The central block of the Rosario station was completely destroyed by a fire on 31 December 1921. The reconstruction of the building started almost immediately. It ended in 1926 with the construction of a characteristic cupola (dome-shaped vault), which has been preserved until the present.

When the government of Juan Perón nationalized the railways in Argentina on 1 March 1948 and reconfigured the lines, the state-owned company Ferrocarriles Argentinos took over the Córdoba Central Railway. It shut down the passenger services handled by Rosario (Córdoba Central) and other stations, concentrating all of it at Rosario Oeste. Rosario Central Córdoba remained active for freight services only.

Starting in 2005, the terrains surrounding the station were employed to create an urban park ("Parque Hipólito Yrigoyen"). As part of the renewal of the area, the station was restored.

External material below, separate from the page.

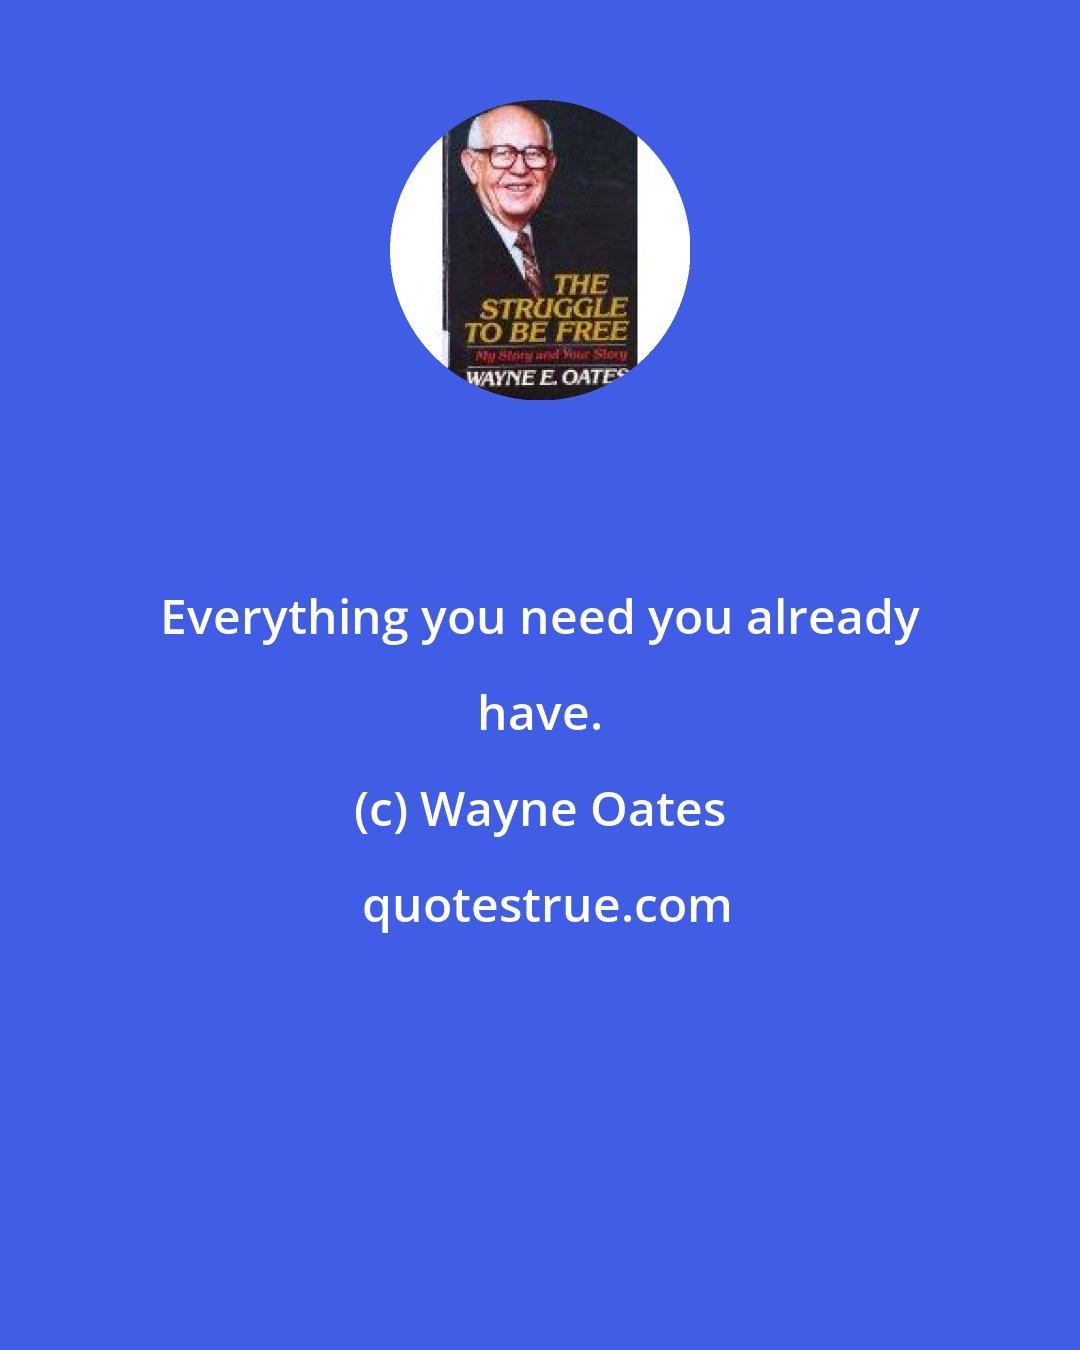 Wayne Oates: Everything you need you already have.

The station's building was also seat of the Asociación Rosarina Amigos del Riel (Rosario's Friends of the Rail Association), a railway advocacy and research non-profit organization. In August 2015, it was announced that the Argentine state will invest A$ 15 million in the refurbishment of the building.

Besides, the Government of Santa Fe plans to open a tram service between Rosario and Granadero Baigorria, with Rosario Central Córdoba as an intermediate stop.

== Historic operators ==
Companies that operated the Rosario (CC) train station since its inauguration were:

| Operator | Period |
|---|---|
| GB Córdoba and Rosario Railway | 1886–1912 |
| GB Córdoba Central Railway | 1912–1948 |
| ARG Ferrocarriles Argentinos | 1948–1993 |
| ARG Trenes Argentinos Cargas | 2013–2015 |

==Bibliography==
- British Railways in Argentina 1860–1948 by H. R. Stones, P. E. Waters & Associates, Bromley, Kent, England, 1993.